看齐潇的模样,似乎很笃定郡主会喜欢它,不然也不会如献宝似的拿出来。
齐潇拿出刀来,指尖抚摸着刀身道:“父亲无意间收到此刀。名为青鸾刀,好像还有不少出处呢。”她靠近风锦石压低声音道:“不比风锦石的差。”
风锦石接过双刀,认可的点点头。
确实,与自己那副不相上下。
等等!
风锦石猛地抬眸,说出那熟悉到陌生的名字:“你是说风锦石?”
“郡主不会把风锦石也忘了吧?”
“我...我应该记得吗?”风锦石有些慌乱,不仅是对齐潇的问题,她还在脑海搜寻自己与郡主是否有过交集。
“郡主稍等。”齐潇再次离开,又抱着不少书跑过来。风锦石狐疑的拿过一本翻开,发现这些话本的主人公竟然是自己。
“这.....”信息量太大,风锦石一时间不知作何反应。
“坊间就属风锦石的话本卖的好。说句不害臊的话,谁不想当天下第一的夫人啊。”
“.......”
风锦石足足愣了有一盏茶的时间,直到手上的书掉落在地才回过神来。
万万没想到坊间有以我为主角的书,更离谱的是这些达官贵人家的小姐还真芳心暗许啊。
谁这么无聊啊!?写这些书啊!
【作者有话说】
无奖竞猜,猜猜是谁写的这些“无聊”的书吖[让我康康]
11说书人口中的天下第一
◎风锦石得魁首买醉烟花巷,黄泉道害忠良命送双刀扬。◎
直到回到居所,风锦石也没想明白市井上为何会流传这些书。
“郡主怎么一人回来了?如意呢?”吉祥上前扶过风锦石,与她一同回来的还有齐潇送来的那些话本。

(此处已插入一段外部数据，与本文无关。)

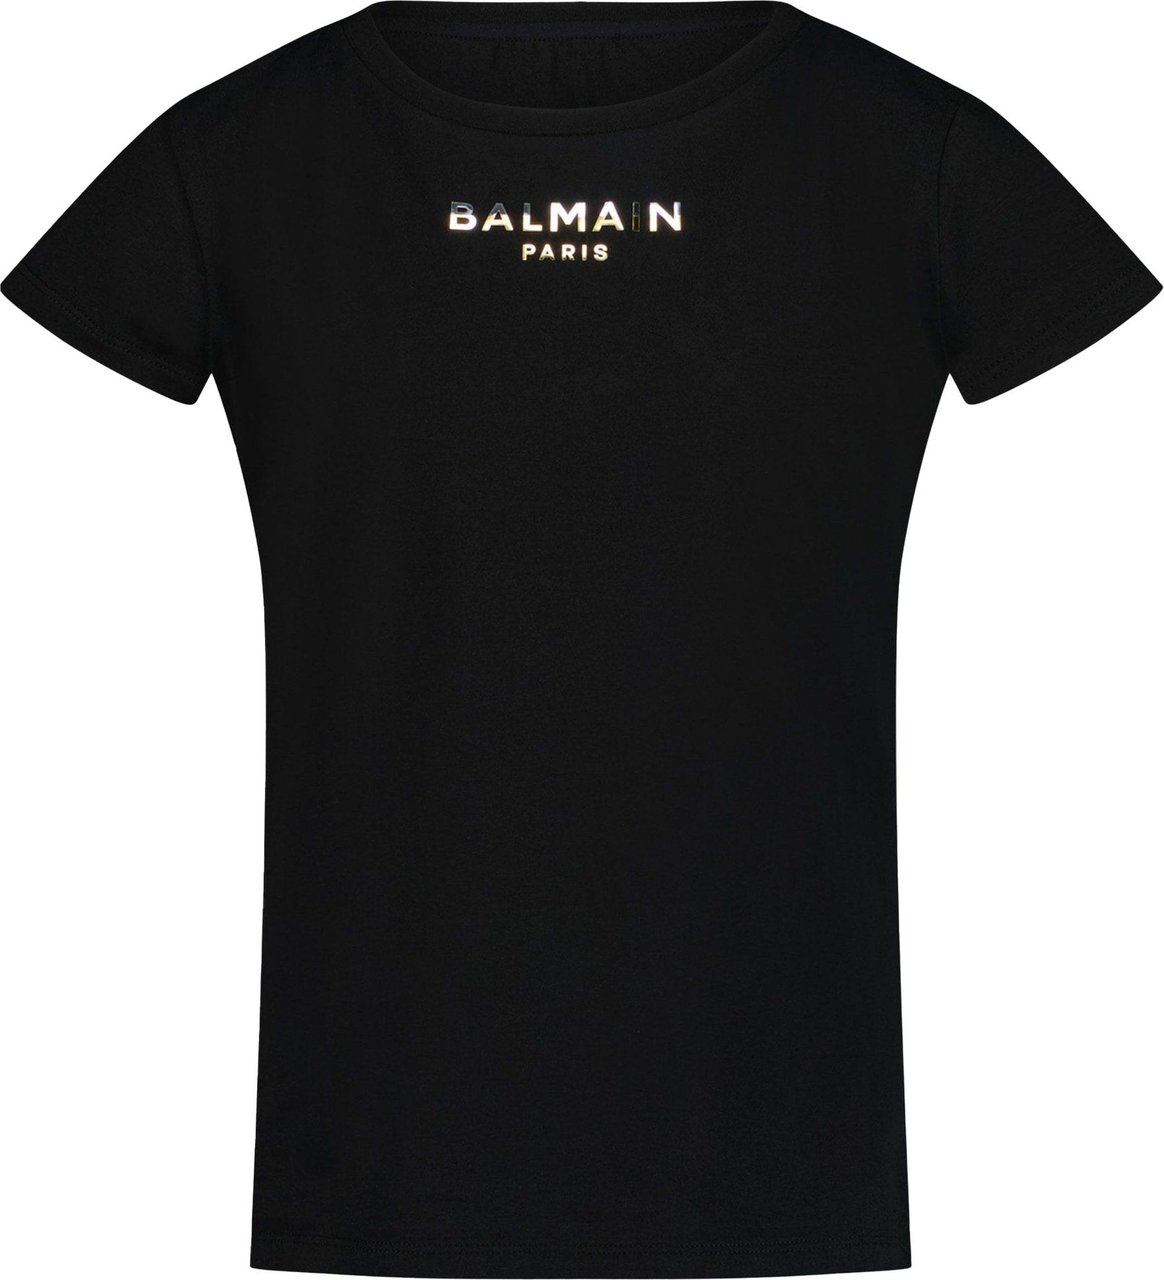 Balmain Balmain Kinder Meisjes T-Shirt Zwart Zwart

吉祥看到这些话本,发出一声疑惑道:“咦,谁送的这些书,快些拿走。”
“等等。”风锦石把人都支下去,问着向来稳重的吉祥:“这些话本我从未看过?”
吉祥点点头道:“郡主曾说过这些是不入流的玩意儿。”
“没看过怎知不入流?”
“如意原先拿回来给郡主解闷,郡主看了半本就没再动过。一直放置,如意倒是没事会翻翻。”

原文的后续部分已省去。